雨野陽介「いや、長谷川さん それはちょっと・・・」
長谷川つばさ「つばさで大丈夫です!」
雨野陽介「ええ・・・?」
  長谷川は期待に満ち満ちた目で俺を見ている。
  え?
  マジで呼ぶの?
雨野陽介「・・・つ・・・・・・」
雨野陽介「は・・・ せがわさん・・・」
長谷川つばさ「・・・えっと、つばさ・・・」
  そんなあからさまにしょんぼりした顔をするのは止めてほしい。
  困る。
  普通に困る。
  今まで女性を下の名前で呼んだことなんかないぞ?
雨野陽介「ええ・・・」
  でも、呼ばなかったら絶対しょげるよな?
  この人・・・
雨野陽介「つ・・・」
  ええい。
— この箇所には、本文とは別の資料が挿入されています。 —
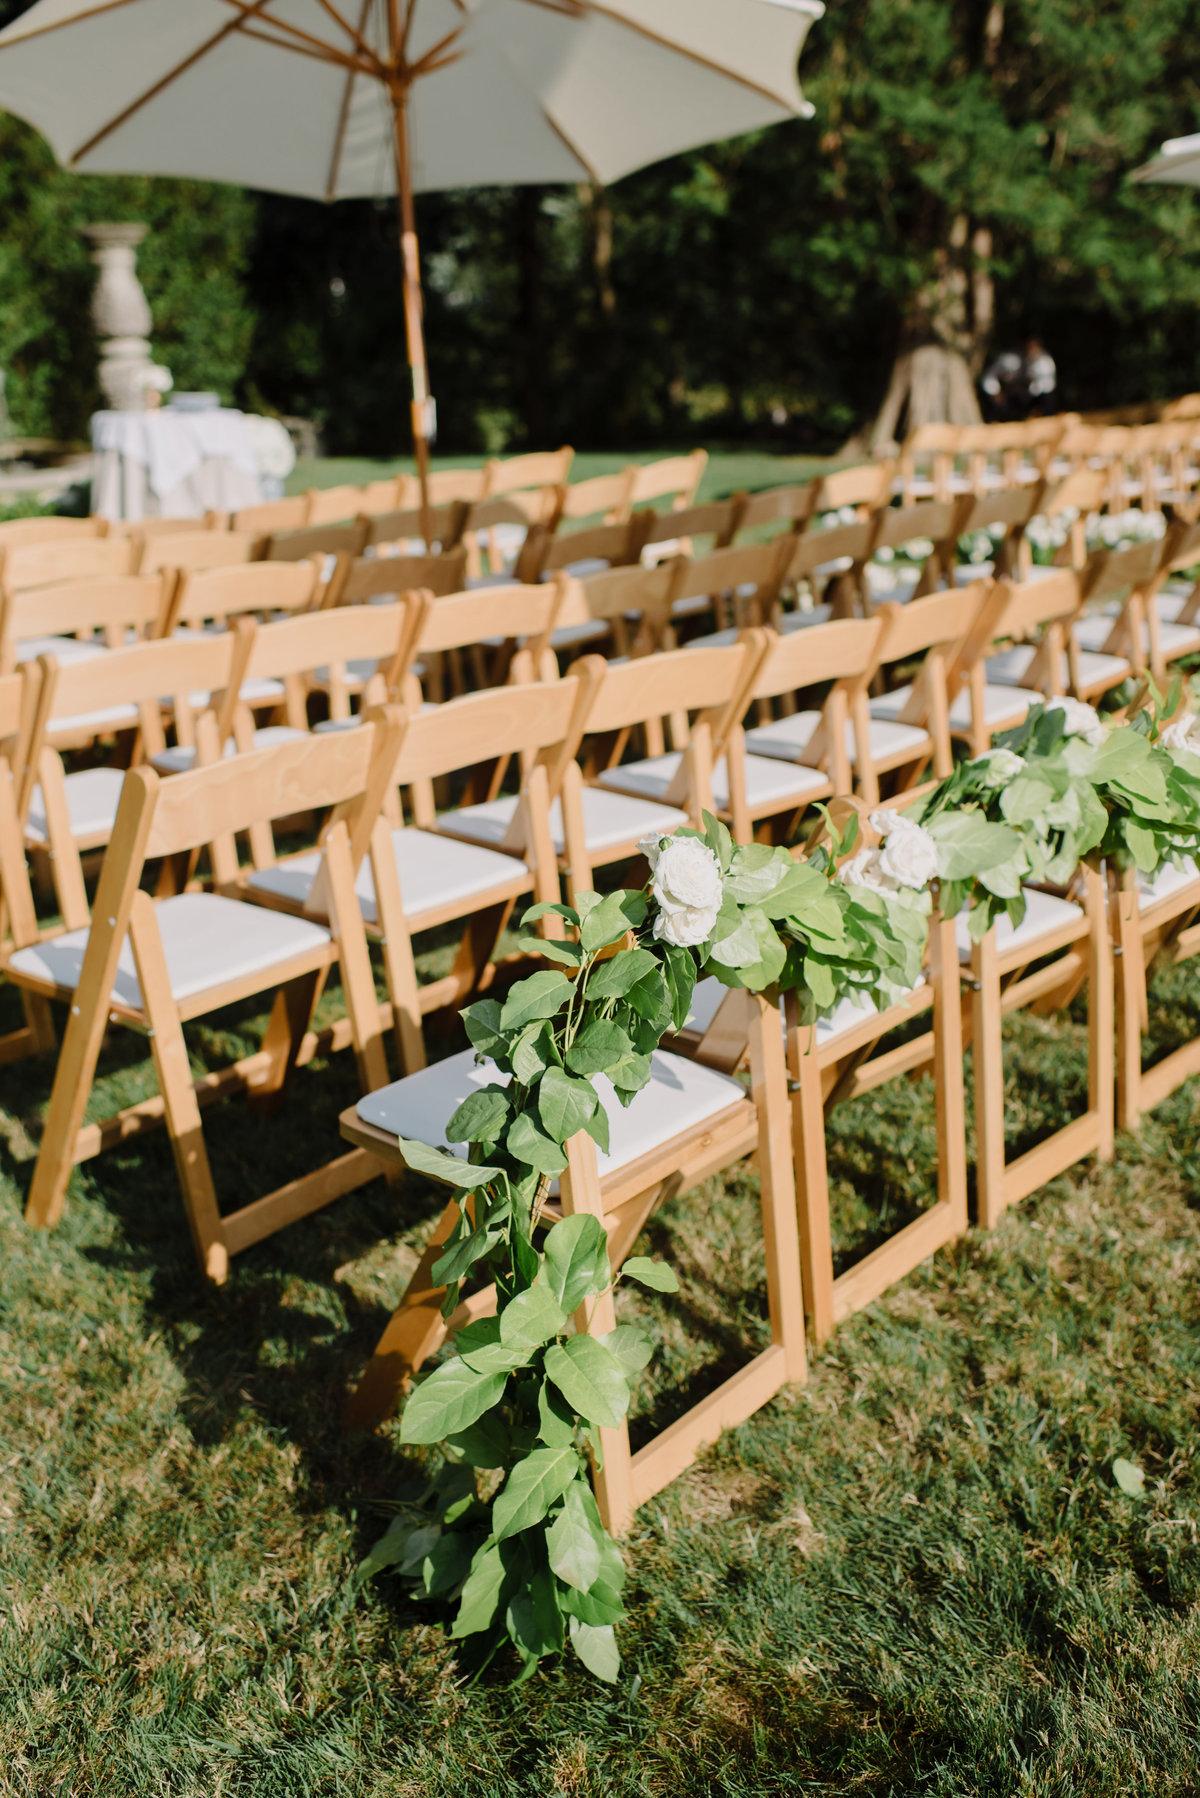 Bauer plantation chair - Lhp_7536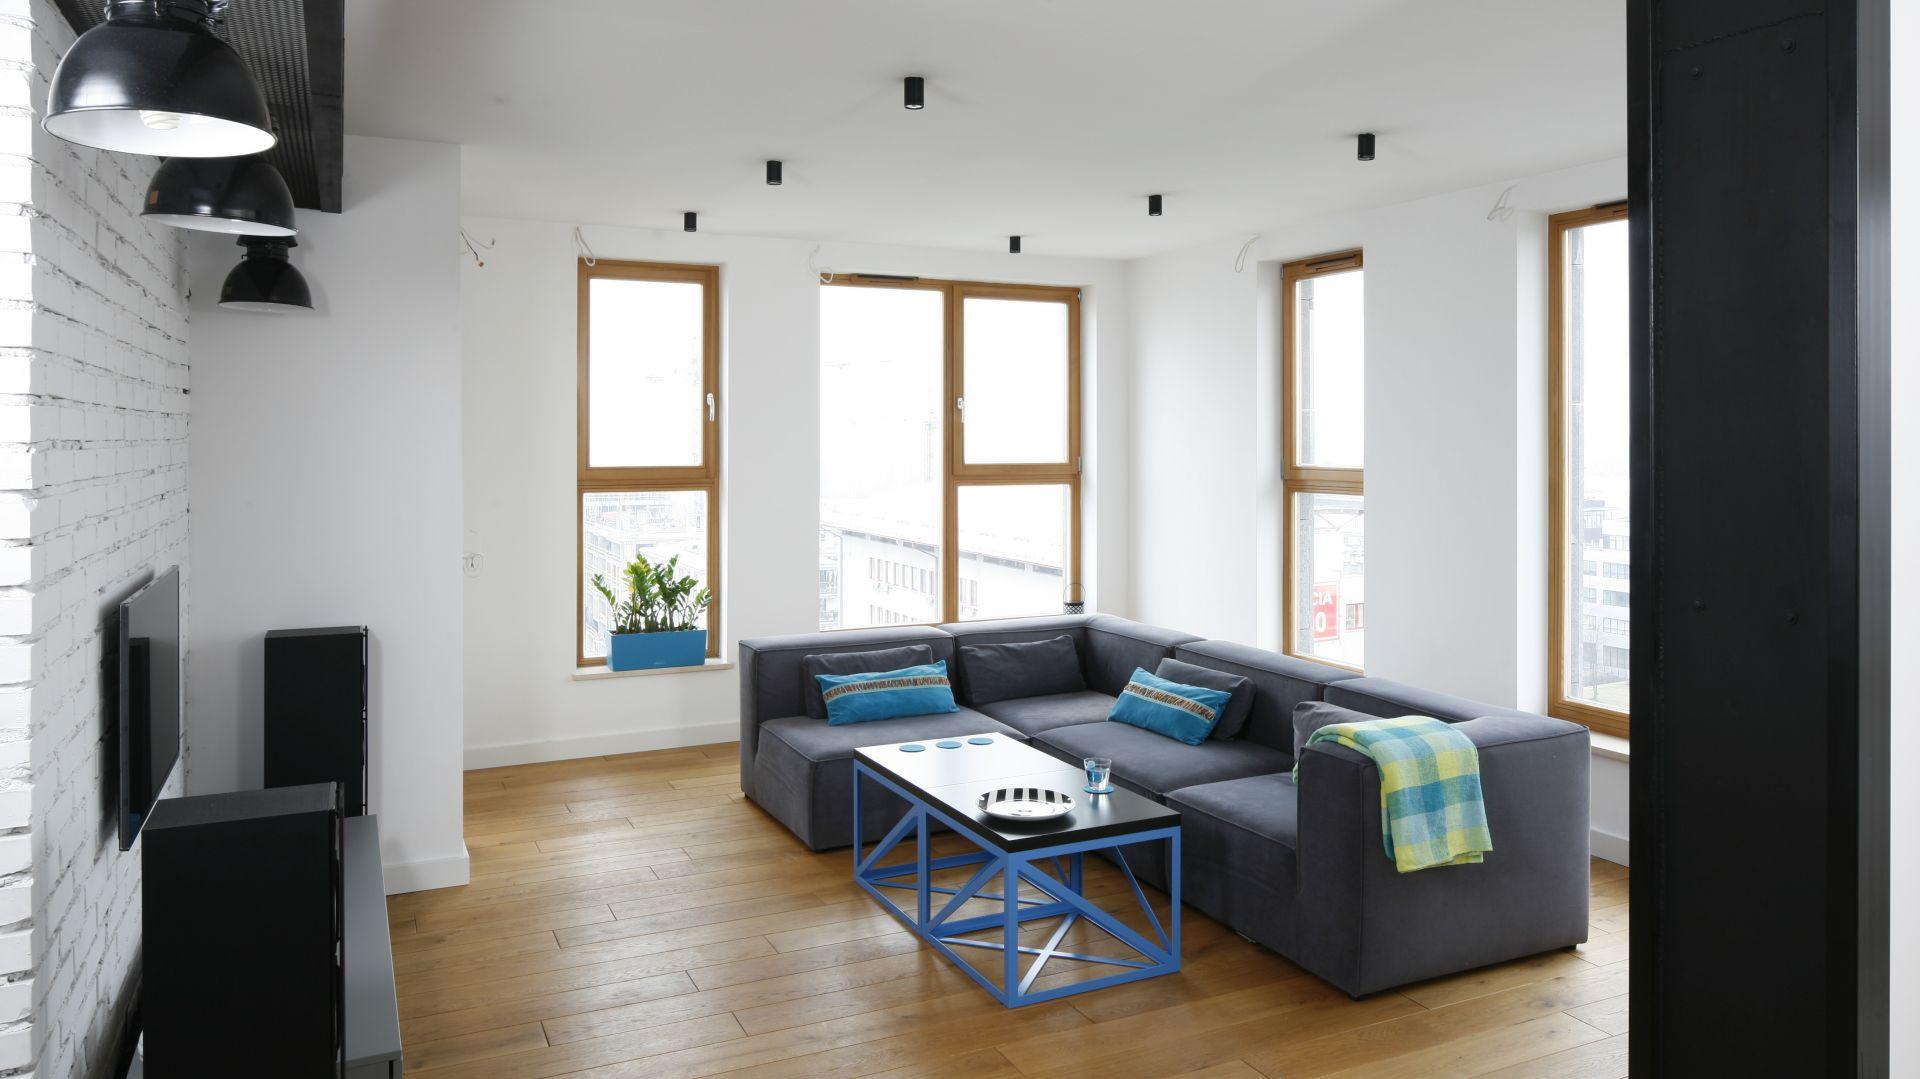 Minimalistyczne wnętrza nie lubią zbyt wielu mebli i przedmiotów. Niezakłócona niczym powierzchnia pozwala na spokojny odpoczynek. Projekt: Monika i Adam Bronikowscy. Fot. Bartosz Jarosz

どうにでもなれ。
雨野陽介「つ・・・ つばささん・・・?」
長谷川つばさ「はい!」
  満面の笑み、だ。
  眩しさすら感じる。
  ・・・何だかどっと疲れた感じがする。
  俺はクーラーの設定温度を下げた。
  そして、今度こそ話題を変えようと思って言った。
雨野陽介「そういえば、長谷川さん」
長谷川つばさ「つばさですよ!」
雨野陽介「・・・つばささん」
雨野陽介「明日、俺はいないんで 昼は一人で食べてください」
長谷川つばさ「あら、どこかにお出かけですか?」
雨野陽介「ハローワークです」
長谷川つばさ「はろーわーく・・・?」
雨野陽介「仕事探すんスよ」
長谷川つばさ「あ、なるほど・・・」
  ハローワーク。
  正式には、"公共職業安定所"だ。
  大体の人が退職すると世話になる場所で、
  次の仕事を見つけるための色々な支援を受けられる。
  と言っても、本当は行く気がなかったのだが・・・
雨野陽介「なんか死ねないみたいですからね、俺」
  死ぬつもりが、死ねなくなってしまった。
  となると、生きるためには金がいる。
  天使と違って人間は食わなきゃ生きていけない。
  食うためには金が必要。
  仕事を探さなくてはいけない。
  そういうことだ。
長谷川つばさ「えっ・・・えっ、でも」
長谷川つばさ「死にたくなる程やだったんですよね? お仕事?」
雨野陽介「まあ、そうですね」
長谷川つばさ「それでもお仕事しなきゃダメなんですか?」
雨野陽介「まあ・・・ 金が無いと生きていけませんし・・・」
長谷川つばさ「人間って・・・」
  長谷川が愕然としている。
  けど、残念ながら人間ってのはそういうもんだ。
雨野陽介「そういうのって、天界では習わないんです?」
長谷川つばさ「人間さんもお仕事をしている、というのは知ってましたけど」
長谷川つばさ「実態的なところまでは・・・」
雨野陽介「じゃ、もうちょい勉強した方がいいスね」
雨野陽介「人を死なせないのが仕事なら まず人のことを知らないと」
  神様ってのはガバガバか?
  どこも部下は大変だな・・・
長谷川つばさ「ですね・・・」
長谷川つばさ「すみません、私、不勉強で」
長谷川つばさ「・・・」
長谷川つばさ「・・・あの、今日は帰りますね」
雨野陽介「え? ああ、はい」
雨野陽介「気を付けて・・・」
長谷川つばさ「お邪魔しました」
  いつもならこの後、トランプやらテレビゲームやら
  散々遊んでから帰っていくのに
  長谷川はとぼとぼと帰っていった。
雨野陽介「・・・俺のせいか・・・?」
  誰も聞いてない呟きに、
  返事があるわけもなかった。